My favorite by far.  Its been effective for me.


----------



## ECKSRATED (Apr 16, 2016)

Too many people do delt flies totally wrong. They row and use their back muscles. No. Your back muscles shouldn't even move. I like to bend over with NY head resting against a bench and do delt flies.  Keep arms straight and locked. Use light weight. When u do the movement try to keep the weight as close to the floor as possible thru the entire range of motion. Kinda like you're reaching as far out and down as u can. Again your delt should do all the work. Not your back.


----------



## stonetag (Apr 16, 2016)

Like the incline bench at about 30 deg., one knee on the seat, chest into the back of the bench and pull the db's up to my ears. I have long gorilla arms so I can reach the db's from the floor, instead of mounting the bench with the db's.


----------



## Mythos (Apr 16, 2016)

ECKSRATED said:


> Too many people do delt flies totally wrong. They row and use their back muscles. No. Your back muscles shouldn't even move. I like to bend over with NY head resting against a bench and do delt flies.  Keep arms straight and locked. Use light weight. When u do the movement try to keep the weight as close to the floor as possible thru the entire range of motion. Kinda like you're reaching as far out and down as u can. Again your delt should do all the work. Not your back.



This; I have always avoided trying these out because whenever I see people doing them it looks like a weak back/trap exercise more than anything.


----------



## Schredder (Apr 17, 2016)

Every rear delt exercise will get the job done.  The trick is to perform the exercise correctly and the majority of people I see do them incorrectly and in turn work their traps as opposed to their rear delts.  

This goes for any set up, standing, seated, bent over even face pulls (which I really like as well).  You want your shoulders to protract to eliminate scapula movement during the movement.  And you want your arms bent at the elbow at roughly 45 degrees, or whatever feels comfortable and natural.  Your arms should NOT be straight or locked out.  That is incorrect.

With you shoulders protruded start the movement and KEEP your shoulder in that position.  DO NOT retract your shoulders as you move the weight back.  You do this and cause the scapula to move, like I said before, your traps come into play-not productive.  You will notice that the range of motion is very short.  That is the way it is supposed to be.

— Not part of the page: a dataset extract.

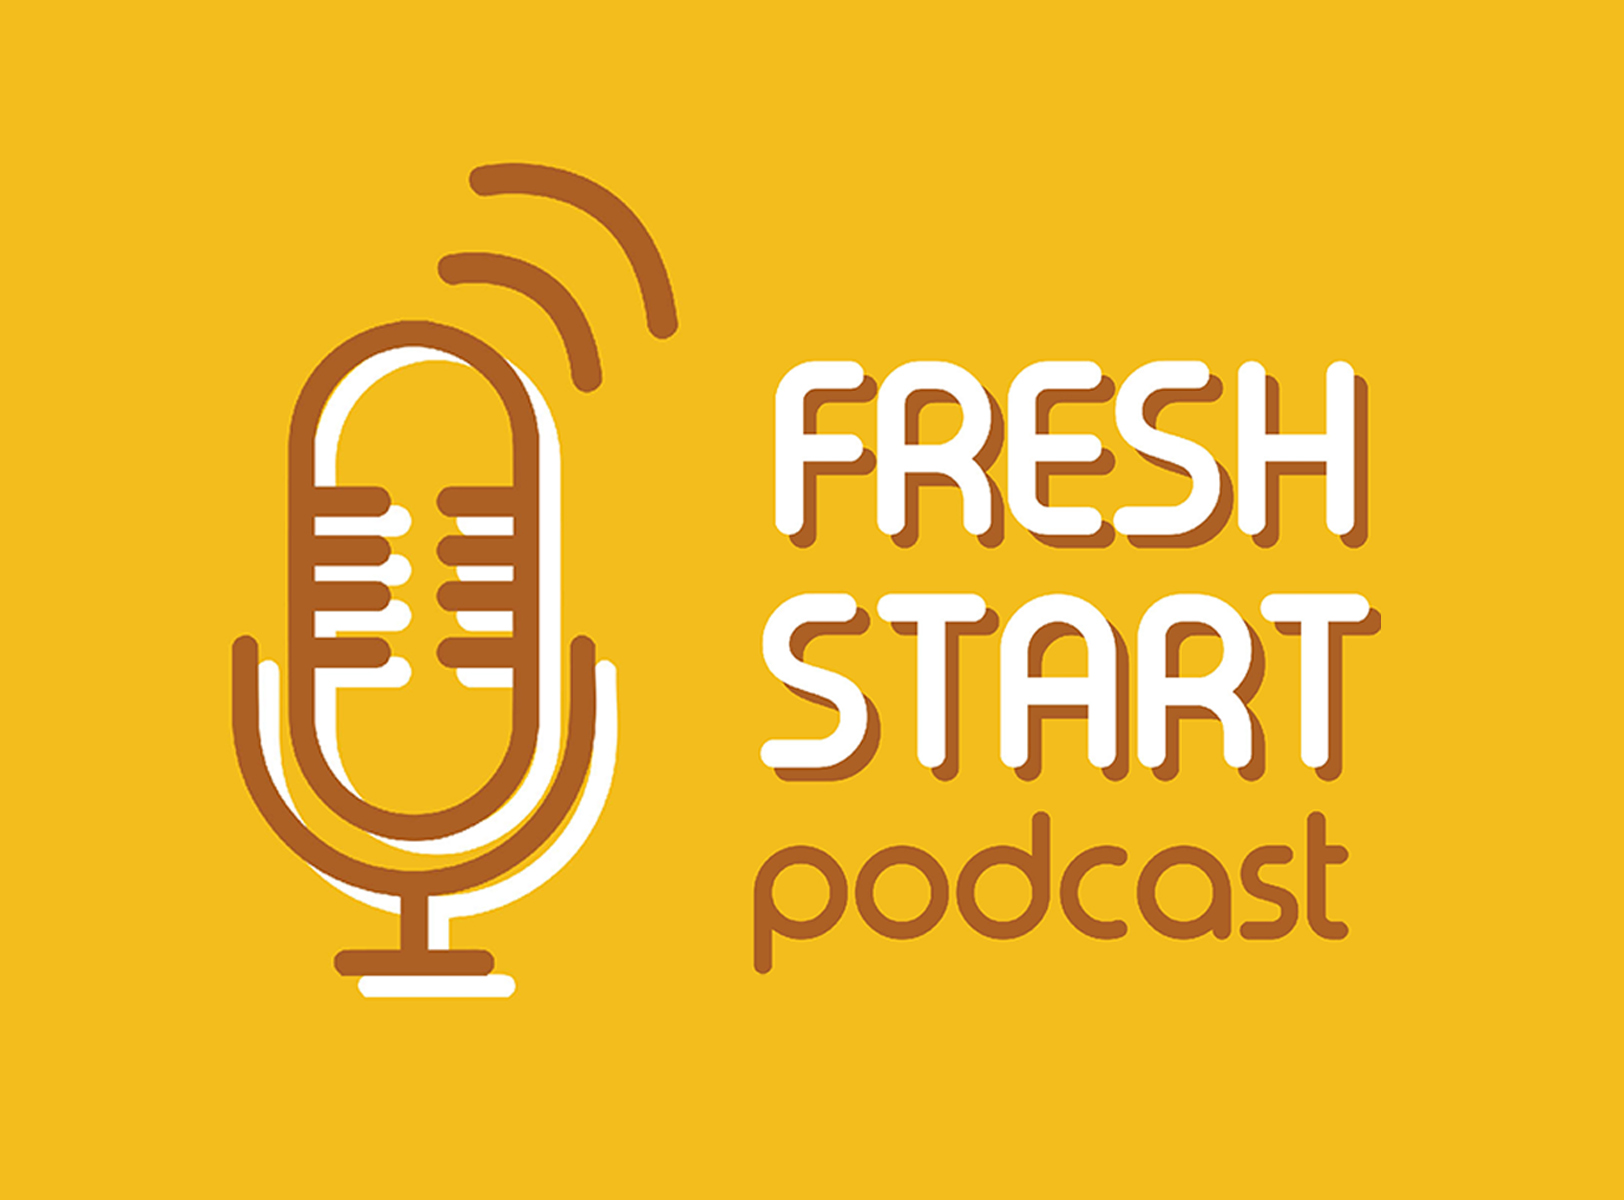 Fresh Start: Podcast News (5/20/2019 Mon.)

Id also hit them on shoulder day as well as back day if the are lagging.  High reps, low reps, hit them every way possible....just make sure to hit them correctly!


----------



## PillarofBalance (Apr 17, 2016)

Hit your lats to exhaustion then do the rear delts. If you do one of those dumbass bb splits do them on back day and shoulder day.  This helps take some of the cheat out. Focus on the muscle. Don't let the traps do the work.


----------



## ECKSRATED (Apr 17, 2016)

Schredder said:


> Every rear delt exercise will get the job done.  The trick is to perform the exercise correctly and the majority of people I see do them incorrectly and in turn work their traps as opposed to their rear delts.
> 
> This goes for any set up, standing, seated, bent over even face pulls (which I really like as well).  You want your shoulders to protract to eliminate scapula movement during the movement.  And you want your arms bent at the elbow at roughly 45 degrees, or whatever feels comfortable and natural.  Your arms should NOT be straight or locked out.  That is incorrect.
> 
> ...



Keeping your arms locked and straight make it easier to target the delt especially during rear delt flies. Having your elbow locked puts more tension on the delt and that's what u want. Having your arm bents also shortens the range of motion. 

Saying one way or the other is incorrect is pretty biased. Both work but for me I've found that straight arms work the best for me and I have some decent rear delts.


----------



## ECKSRATED (Apr 17, 2016)

Another tip to try is is flex your lats like your doing a lat spread and hold that the entire time you do the rear delt flies. Doing so will make it almost impossible to use any trap or back muscles during the movement.


----------



## Schredder (Apr 17, 2016)

ECKSRATED said:


> Keeping your arms locked and straight make it easier to target the delt especially during rear delt flies. Having your elbow locked puts more tension on the delt and that's what u want. Having your arm bents also shortens the range of motion.
> 
> Saying one way or the other is incorrect is pretty biased. Both work but for me I've found that straight arms work the best for me and I have some decent rear delts.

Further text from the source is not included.